In the present day, emotional intelligence has already become an intrinsic part of the modern business world. The majority of companies consider emotional intelligence to be no less significant than professional skills and knowledge. In other words, no matter how a person is competent in his sphere – he will not be able to work efficiently without being able to motivate others, build strong relationships, listen carefully, and understand other people’s emotions.

At the same time, companies that consider the level of emotional intelligence of their employees report increased productivity and total sales. That is why I propose to introduce specific Emotional Intelligence Training to help organizational leaders develop and strengthen their competencies in order to improve organizational climate and morale. The course will contain 12 lectures (webinars) and approximately 120 minutes of audio and video content. In addition, there will be short tests after every segment to strengthen knowledge and drive individual learning.

What Is Emotional Intelligence?

First of all, addressing the necessity of the course, it is essential to define its fundamental concept. Thus, emotional intelligence (EI) is an essential concept that currently attracts particular attention as interpersonal relationships, and individual characteristics of people become considered in the workplace. In other words, intelligence and emotions were previously regarded as opposed to each other.

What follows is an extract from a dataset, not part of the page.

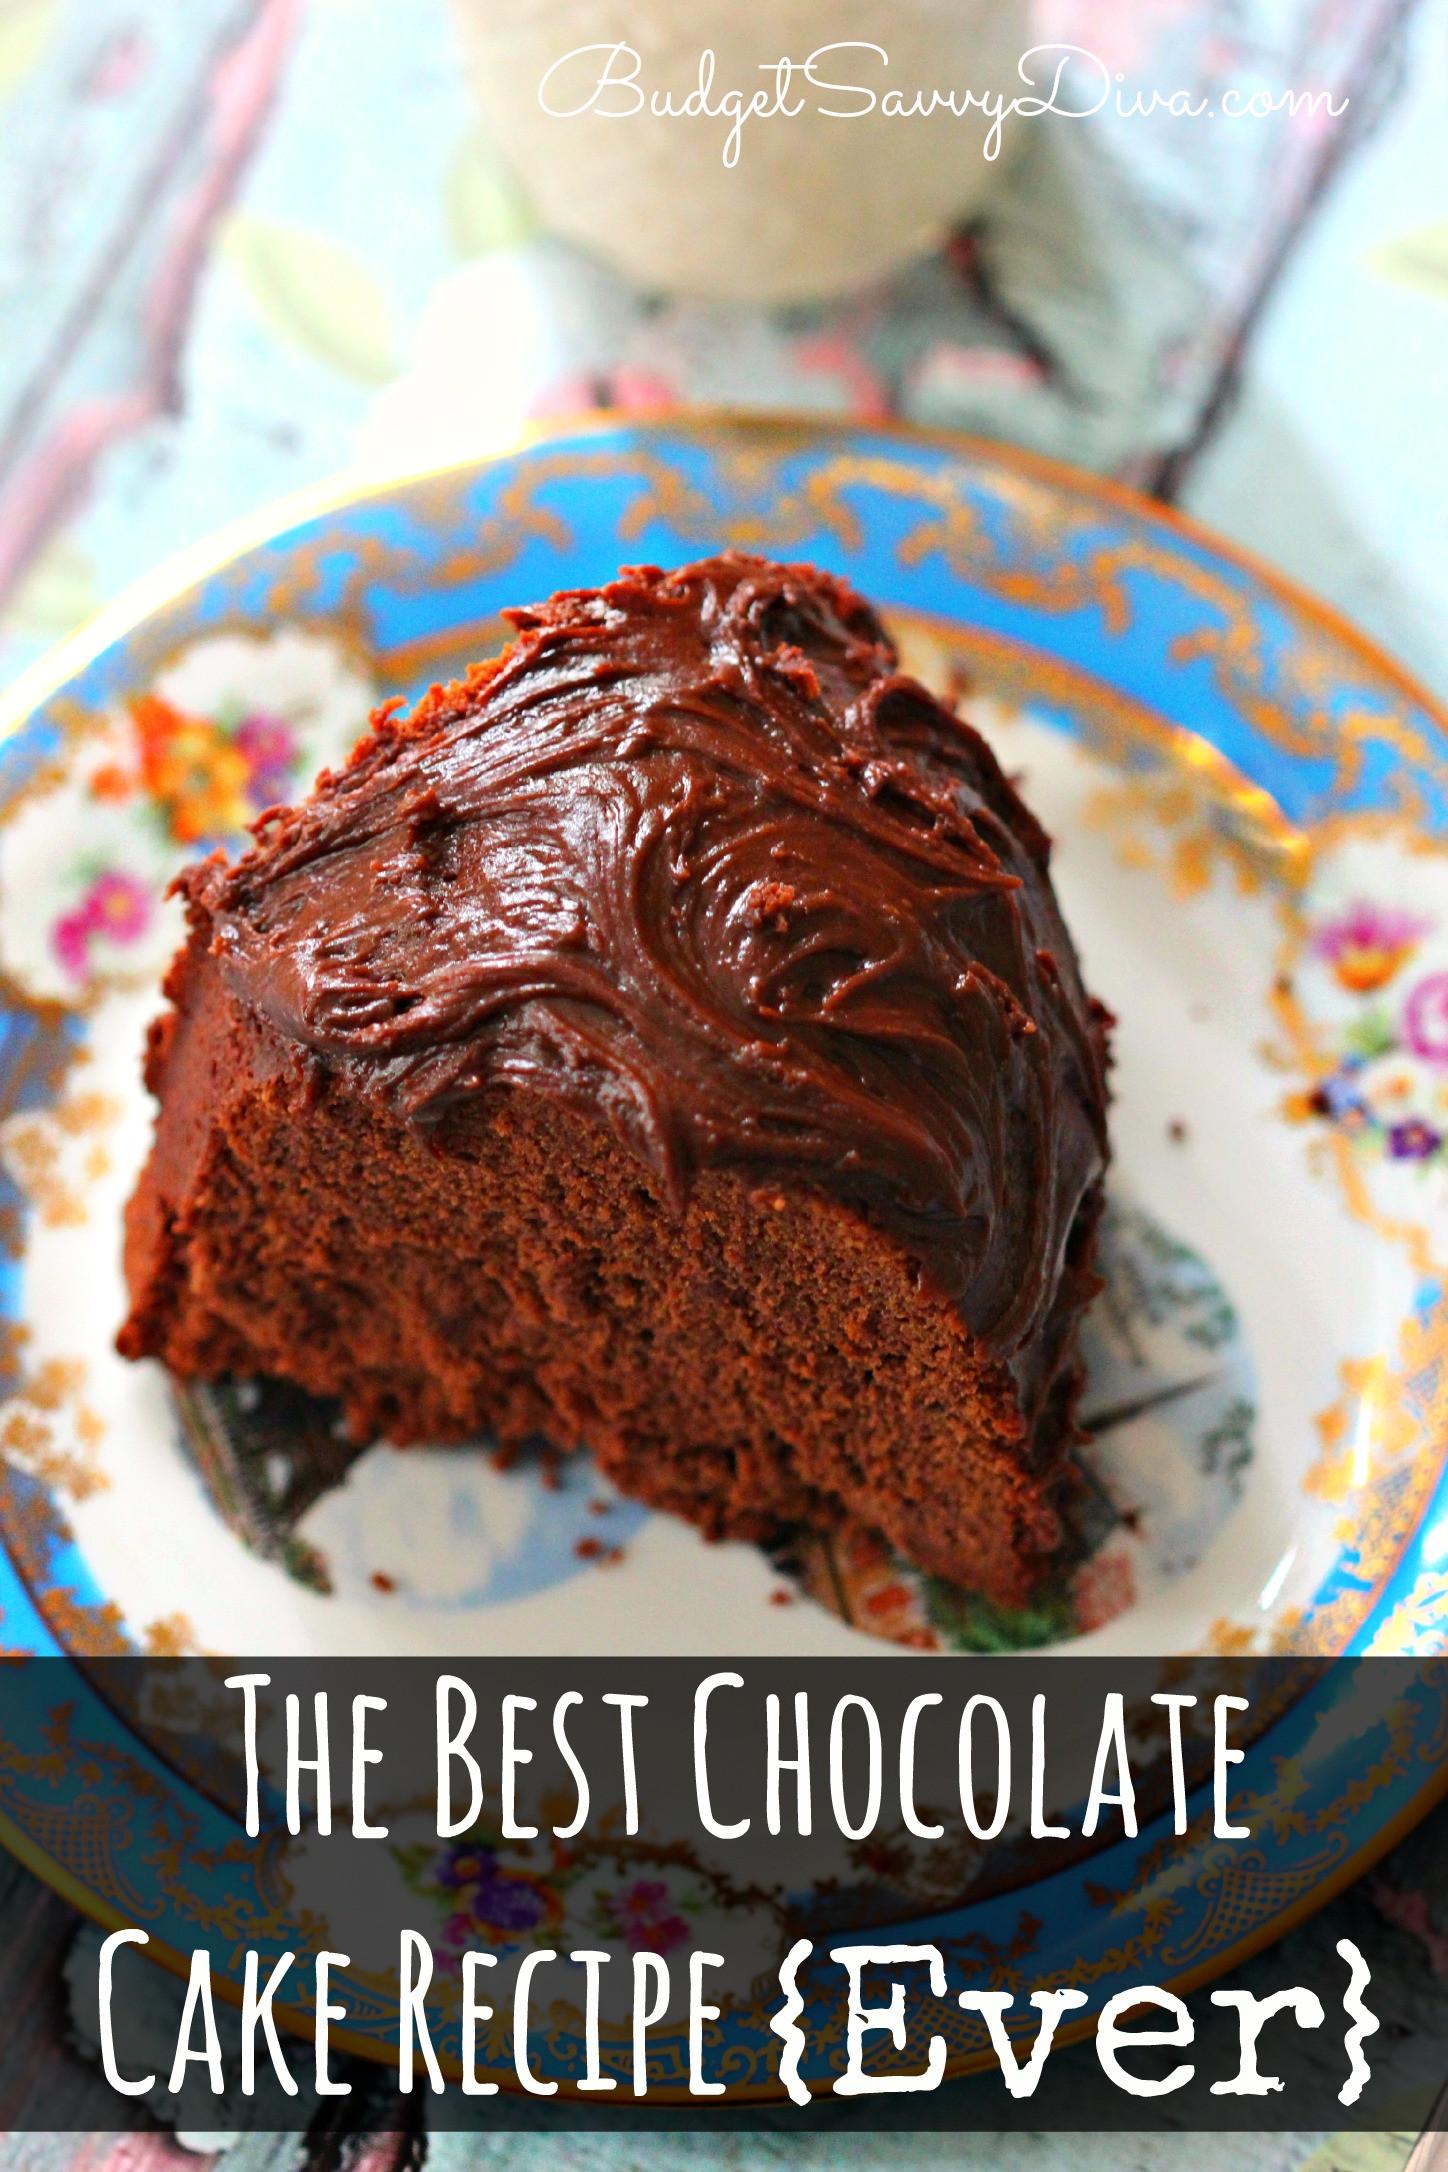 Chocolate Cake Mix Recipes  The Best Chocolate Cake Recipe Ever – Marie Recipe

However, in the present day, evidence state that emotions may substantially impact thinking processes. According to Serrat (2017), emotional intelligence is an “ability, capacity, skill, or self-perceived ability to identify, assess, and manage the emotions of one’s self, of others, and of groups” (p. 329). It is traditionally used for efficient communication with others, decision-making, and problem-solving. In general, emotional intelligence addresses several essential components, including self-regulation, self-awareness, social skills, empathy, and motivation. Thus, emotionally intelligent people may predict others’ behaviors, decisions, and actions on the basis of their emotions, such as happiness, sadness, anger, or fear.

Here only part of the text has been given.